While the range over which the residuals vary is about equal on the left and right hand sides, the distribution of points in the middle is skewed to the negative side of the range. The smoothed curve suggest adding a quadratic term to the model may be an appropriate transformation.
There are also 3 outliers noted on the plot - the values for North Dakota, New Hampshire, and West Virginia need to be reviewed for validity and may factor in additional transformations to the model.

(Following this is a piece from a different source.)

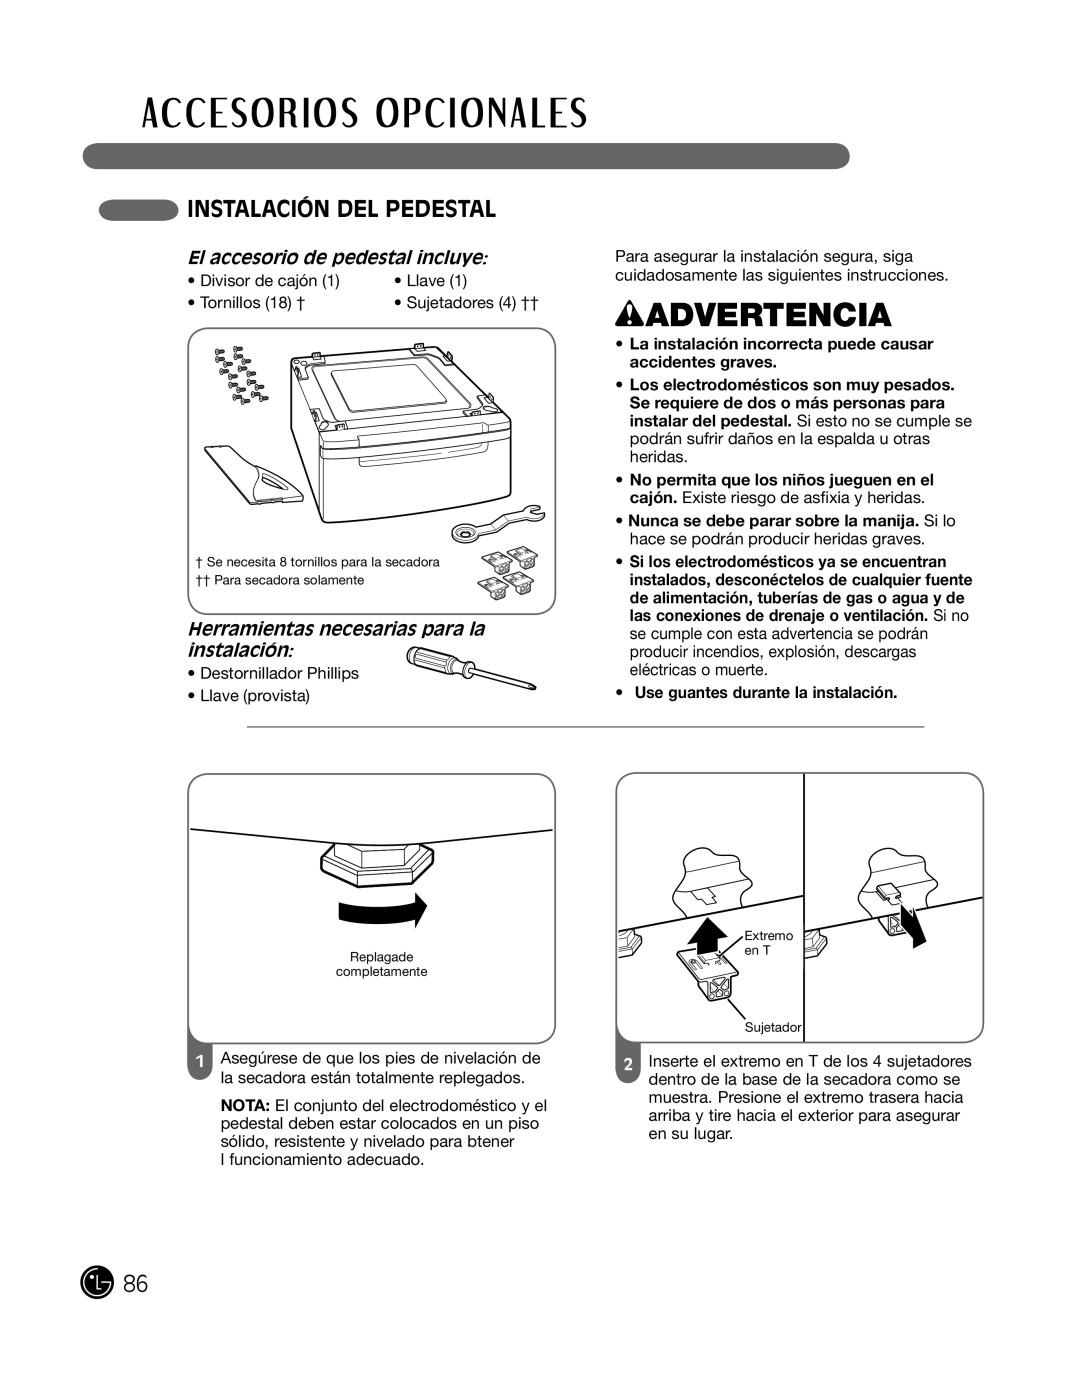 LG Electronics P154 manual inSTalaciÓn del PedeSTal, el accesorio de pedestal incluye, wADVERTENCIA 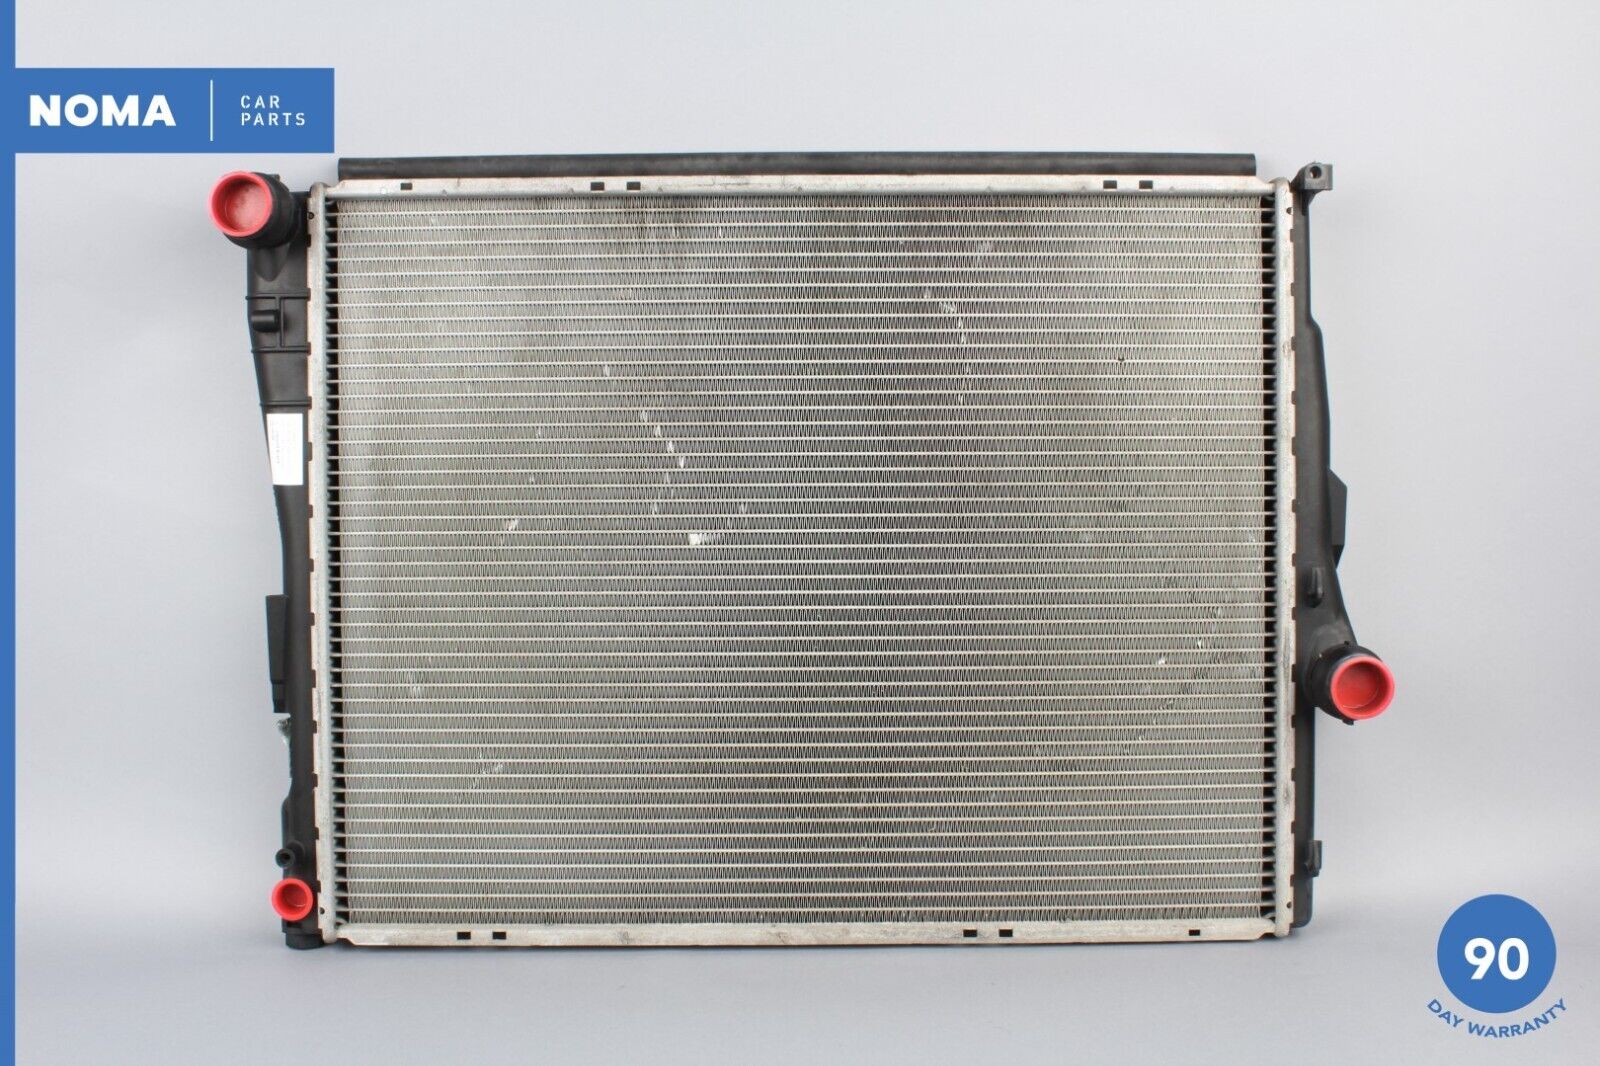 03-05 BMW Z4 E85 Roadster Engine Motor Cooling Radiator Assembly 17119071517 OEM

Viewing the Scale-Location plot backs up our understanding of the model - the residuals have a constant spread but we have a problem in the shape of the model and thus the linearity of the relationship between predictors and response. We also see Utah surface as another outlier.
plot(sat_lm2, 1)
plot(sat_lm2, 3)
#ggplot(sat_lm2, aes(x=fitted(sat_lm2), y=residuals(sat_lm2))) + geom_jitter() + geom_hline(yintercept=0, color="blue") + xlab("Fitted") + ylab("Residuals")
Next, we’ll check for the normality of our distributed residuals. Using a quantile - quantile plot and a histogram of residuals, we can see that the shape of the distribution is approximately normal with some slight deviation from normality at the tails, accounted for by our known outliers plus another identified in the plot - Utah.
Notably, our data point for West Virginia seems to skew the distribution of residuals slightly leftward in the histogram visualization. It’s time we take a look at the influence of each of these outliers on the model as a whole.
plot(sat_lm2, 2)
ggplot(data=sat_lm2, aes(x=residuals(sat_lm2))) + geom_histogram(bins=15) + xlab("Residual") + ylab("Frequency")
Looking at the residuals vs. leverage plot below, we see that for the most part, our data including the points of high leverage cluster within the area between -2 and 2 standardized residuals.
The point of most concern is Utah, which exerts the most influence over the dataset and falls just within the acceptable range of Cook’s Distance (0.5). This is not enough of an anomaly to impact our assumptions of the model’s validity.
plot(sat_lm2, 5)
#ggplot(data=sat_lm2, aes(x=residuals(sat_lm2))) + geom_histogram(bins=15) + xlab("Residual") + ylab("Frequency")